Posted at 4:31 AM, Aug 13, 2019
and last updated 2019-08-13 09:11:35-04

TULSA — Homeschoolers are getting ready for back to school in Oklahoma.

There are between 4,000 to 5,000 families in the Tulsa metro area, according to the owner of Bibliomania Homeschooling Materials.

"This is the season when everybody is hitting the ground running, getting enrolled for co-ops, getting signed up for their sports teams," says Susan Stenberg.

Her consignment store is filled with books and learning tools for homeschooling parents. It's the only shop of its kind in Tulsa.

"It is very, very busy. Most of our homeschool moms begin school year in August, some wait after September," says Stenberg.

She says the homeschooling community keeps growing every year in the metro area from only a few hundred in the 1990s.

Stenberg attributes the growth to many factors, including lifestyle changes, kids' health issues, special needs, philosophical differences and school environment.

"With homeschooling, you have the flexibility to teach the way the child can learn, and be able to do it and switch gears if something's not working," says Stenberg.

Homeschooling parents make their own teaching hours and curriculum. Some teach year-round, and others follow a similar calendar year as public schools.

While there are no laws governing home instruction in Oklahoma, the state Department of Education has several recommendations for parents. This includes teaching students subjects required in the state-approved curriculum such as reading, writing, math and science.

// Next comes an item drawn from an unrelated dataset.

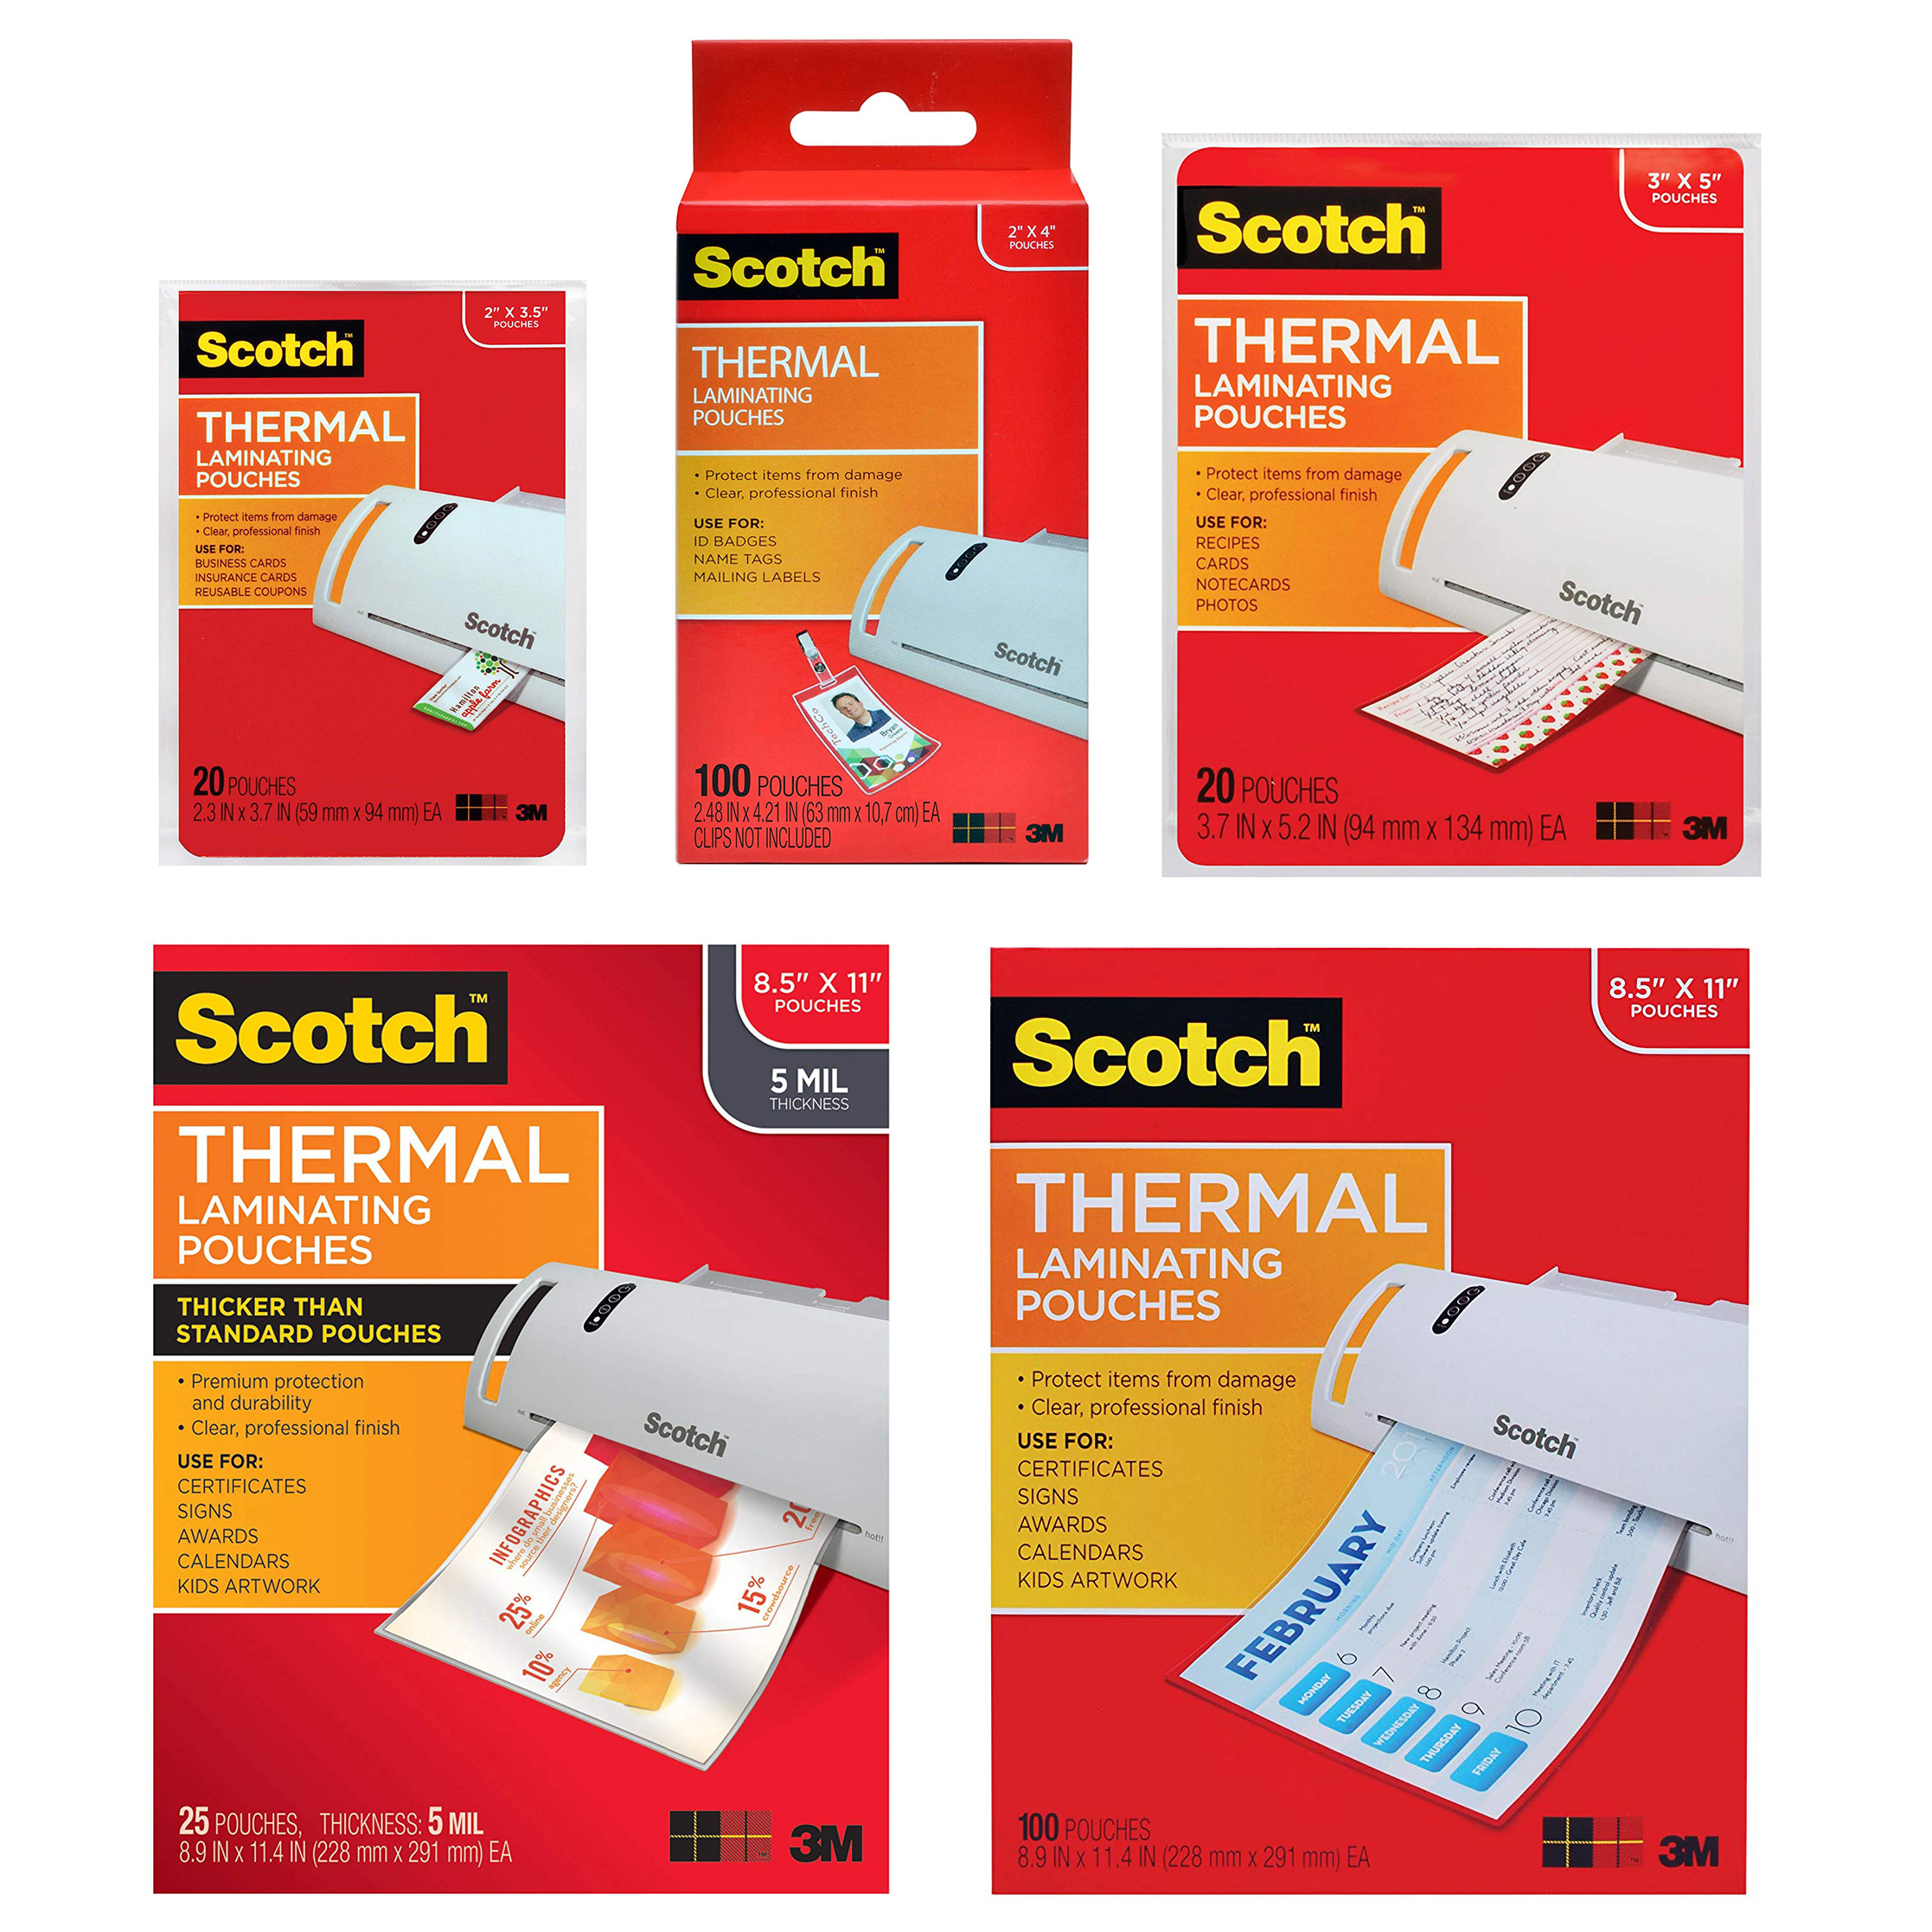 Scotch Thermal Laminating Pouches Improved Version.100Pack.New.

The parent doesn't have to be a certified teacher, but the instruction "must be supplied in good faith and must be equivalent to the education required by the state."

Some parents fall into the path by accident like Jennifer Ratts, a mother of two young children in Owasso.

"We were not going to be in a district that was highly rated, and so we started looking at alternatives to that," says Ratts.

She enjoys the flexibility of teaching them individually at their own pace and getting to spend more time with them at home.

This is her second year teaching year-round for her four- and six-year-old at home after taking one month off in the summer.

"For me, it was nice to know that we started young and in Kindergarten. If I totally messed it up, it's only Kindergarten, we can send them to public school," says Ratts.